Edit: it’s been a while since I lived in the Bay area, I hadn’t realized that the electricity price now ranges from 38-62 cents per kWh, depending on rate plan and time.

stevehobbes, (edited )

Go tweak your power and fan settings. 100w at idle is way too much unless it’s 15 years old.

Fans, especially small ones are very sneaky energy hogs. Turn them waaay down.

BearOfaTime,

Nothing to be done. It’s old. Only fan to adjust is cpu, and I can tell when the cooler is getting dirty because the fan stays at higher speeds.

Otherwise there’s one large, slow rpm fan in the case, always on low speed.

nezbyte,

Depends on what your server is running. Multiple GPUs, HDDs, and other fun items start to add up to well over 100W. I justify it by using it to keep my 3d printer filament dry.

stevehobbes,

If you have multiple GPUs in your home server you’re probably doing it wrong. But even then, at idle, with no displays connected, the draw will be surprisingly low.

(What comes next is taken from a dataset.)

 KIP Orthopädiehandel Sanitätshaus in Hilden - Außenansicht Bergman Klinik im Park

Most systems with some ssd/NVMe, 2-4 DIMMs and maybe a drive or two should idle closer to 50w-60w.

DarkDarkHouse,
@DarkDarkHouse@lemmy.sdf.org avatar

If you’re getting two gaming PCs out of one hypervisor, you might be doing it right.

nezbyte,

Agreed, don’t do what I do if you value your power bill. To be fair, my network switch pulls more power than my cobbled together server anyhow.

fuckwit_mcbumcrumble,

Newer CPU’s tend to use a good chunk more power under low loads than some older ones. Going from 1st Gen. Ryzen to 2nd Gen. got me about 20 watts higher total system power draw with my use case. And 3rd Gen. is even worse.

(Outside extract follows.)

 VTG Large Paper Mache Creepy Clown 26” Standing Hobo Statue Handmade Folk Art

Intel is MUCH worse at it than AMD, but every Gen. AMD keeps cranking up those boost clocks and power draw and it really can make a difference at low to mid range loads.

My Ryzen 3000 based system uses about 90 watts at “idle” with all my stuff running and the hard drives on.

stevehobbes,

It’s probably more about aggressive default bios speeds. Tweak your c states / bios overclocking / pcie power management / windows power management features. Idle power has gone down on most chips.

The Ryzen 3000 should truly idle closer to 20-30w.

fuckwit_mcbumcrumble,

That is after tweaking bios settings. Originally I was at around 100 watts, now I’m closer to 80.

Keep in mind that’s with a bunch of hard drives, and it’s not a 100% idle, more of a 90% idle which is where modern “race to idle” CPUs struggle the most.